Na drugi ostrzał wchodzi model, który już kupiłem, bo musiałem – Yaogat Strike Infantry z MULTI Sniper Rifle!  Moraci są moim zdaniem frakcją, która najwięcej zyskała na nowej stylistyce proponowanej przez Corvus Belli. Owszem, nowi ludzie też się świetnie prezentują z bogactwem detali i dbałością o szczegóły, ale Moraci z wychudzonych pawianów o czerwonych maskach stali się tym, czym fluff od nich wymaga – potężnie zbudowanymi, umięśnionymi potworami. Ich rzeźby są doskonałe i emanują czystą agresją – od grubo wyglądających pancerzy aż do ‘ceglastych’ giwer, które nadają im radośnie brutalnego smaku. Każda ich spluwa wygląda jak wyciosana z granitu. Nowy Yaogat nabrał kształtów, zabrał ze sobą solidny topór na wszelki wypadek i dumnie pyszni się swoją długolufową armatą. Świetny model, tym bardziej, że wieść gminna niesie, że kamień na którym stoi jest ‘wliczony’ w blisterku, tak jak miała Oznatka ze startera. Rewelka. Niech wypuszczają ich jak najczęściej – pora na nowego Rasyata, gorąco proszę!

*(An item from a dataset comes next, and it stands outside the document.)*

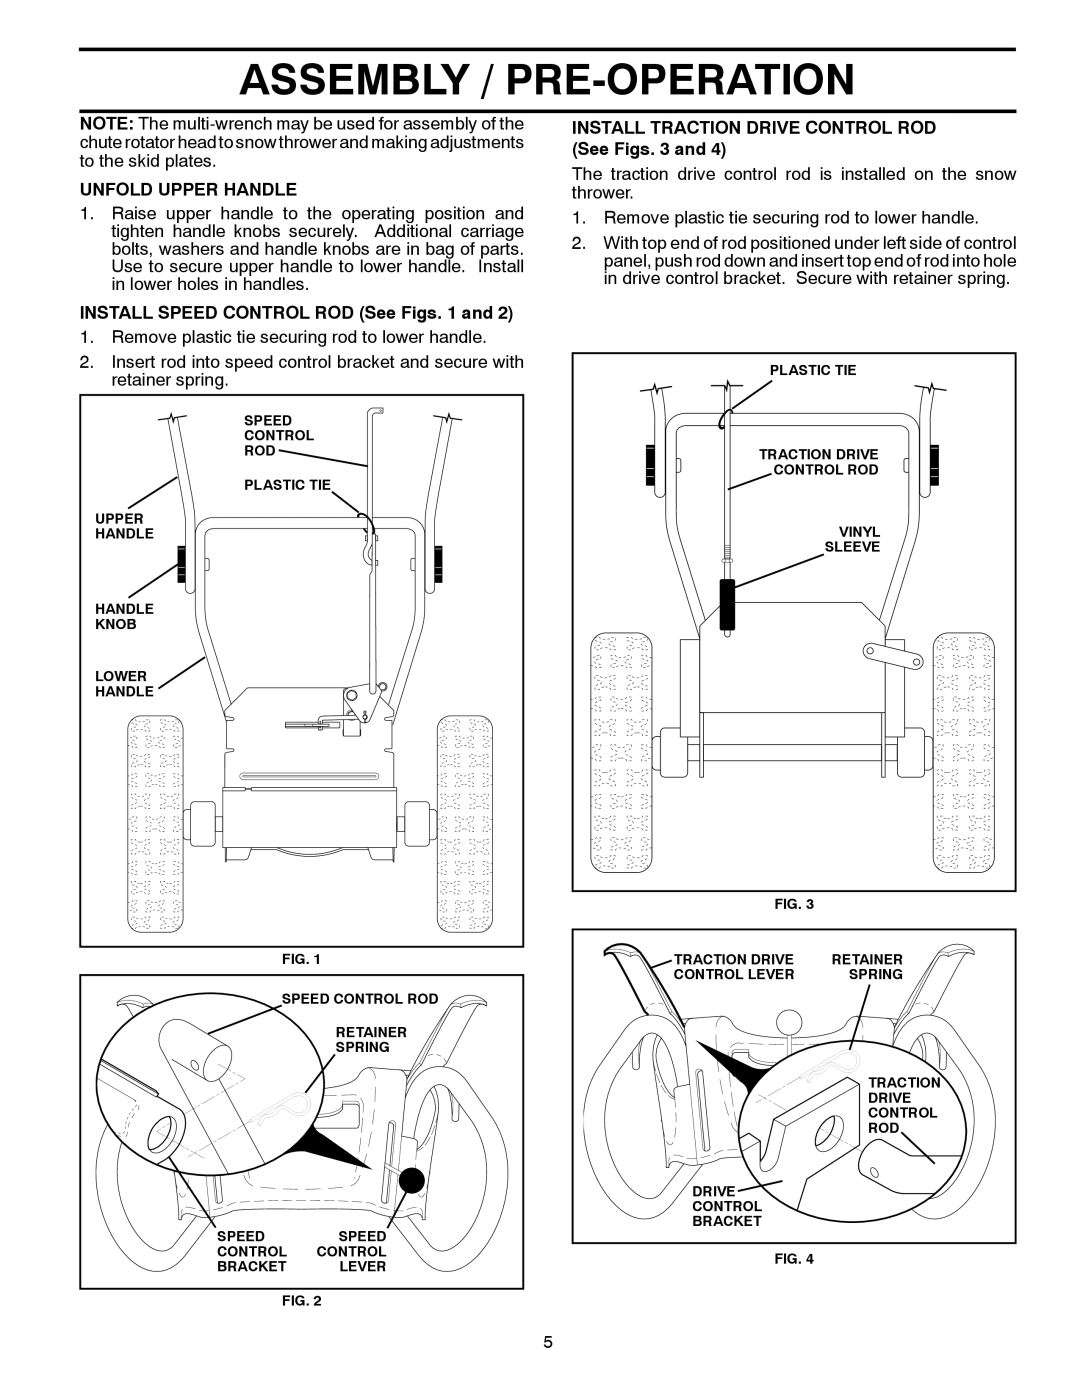 Poulan 96192003201 Assembly / Pre-Operation, Unfold Upper Handle, INSTALL SPEED CONTROL ROD See Figs. 1 and, Plastic Tie

Kolejna nowość nie jest dla mnie interesującą ze względu na frakcję, lecz na fakt, że wydawca aktywnie stara się przerabiać stare pamperki na nowe, czadowe wzory. I choć starter Chińskiej armii sektorowej – Imperial Service – nie był jakoś zaskakująco stary, to nowy nie tylko dostarcza świeżych rzeźb, ale ostro zmienia jego kompozycję, wyrzucając ‘ogólniaki’ pod postacią Hsiena czy Wu Minga i wypychają pudełko tym, czym partia pragnęła – imperialnymi agentami. I to z szerokim wachlarzem oręża, bo dostajemy modele z rakietnicą, strzelbą oraz jednego agenta uzbrojonego w Spitfire. Starter, cóż… wygląda fantastycznie. Nie jestem jakimś wielkim fanem Yu Jing, ich stylistyka nigdy do mnie nie przemawiała, ale porównując stare rzeźby do nowych nie jestem w stanie powiedzieć, że nie ma zbytniej różnicy – jest, i to ogromna. Corvus Belli nie odpuszcza. Dekadę temu uderzyli na rynek proponując piękne metalowe modele, a że postęp nigdy się nie zatrzymuje, oni również robią wszystko, by opinia ‘Corvus robi piękne metale’ była nadal aktualna. Wychodzi im to z gracją. Szczególnie w oko wpadł mi nowiutki Agent Crane Rank – cudowna ciężka piechota.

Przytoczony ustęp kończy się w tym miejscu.